Spears and his team had taken refuge behind the mud-brick wall. Then they piled into a Humvee for protection. But all of the U.S. vehicles were taking fire. The single, well-placed shots from the large-caliber rifle were especially damaging. One round hit a Humvee window and shattered it, almost punching all the way through.

“It nearly took out the window,” said Pvt. John Barrett, 20, of Manchester, England.

The fighting continued for more than three hours, with insurgents dishing out furious gunfire, and the U.S. and Iraqi troops responding.

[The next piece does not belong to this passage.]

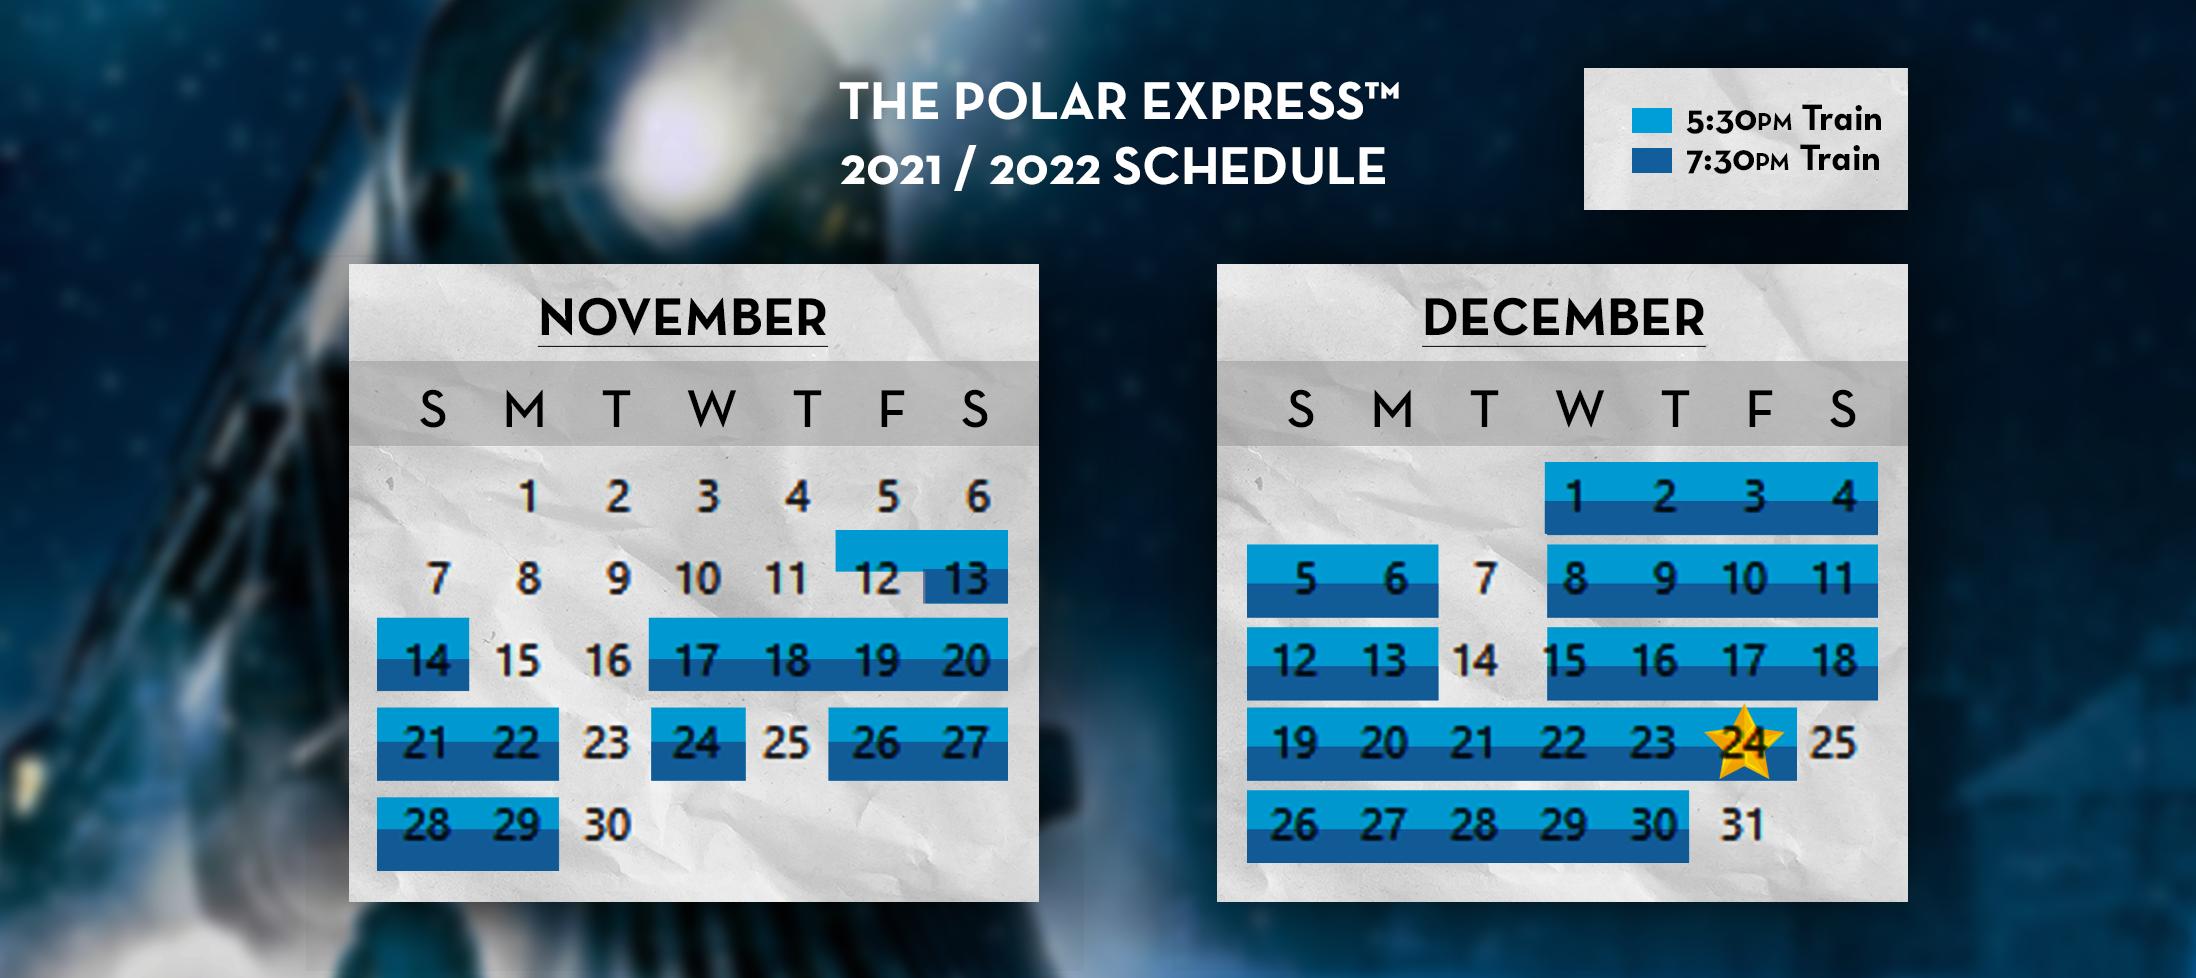 Polar Express 2021

“I thought we were fighting a [expletive] army,” Jacobson said.

U.S. troops finally called in an airstrike. A helicopter responded, firing a Hellfire missle into the house. The bunker on the roof collapsed. The rest of the structure was engulfed in flames.

The soldiers were sure the fight was over.

“After the Hellfire, we thought there was no way in hell those [expletive] could have survived through that,” Jacobson said.

But the three insurgents did survive.

U.S. and Iraqi forces waited another 15 minutes before the Iraqis approached the house, firing AK-47s and throwing grenades through the windows.

At some point, however, Deahim and one of the gunmen had slipped outside and taken refuge in a small makeshift bunker, about the size of a barbecue pit, behind the house.

As Iraqi police approached, one of the men shot a policeman dead and wounded two others before they were finally killed by machine gun fire.

Somehow in the confusion of the battle, the third insurgent — the one with the big caliber rifle — managed to get away. The U.S. soldiers never figured out what he was shooting at them.

U.S. troops had expended more than 500 rounds of ammunition. Iraqi police found grenades, three AK-47 rifles, two machine guns and explosives inside the house.

“They were fighting to the end,” Spears said. “There was no giving up for them.”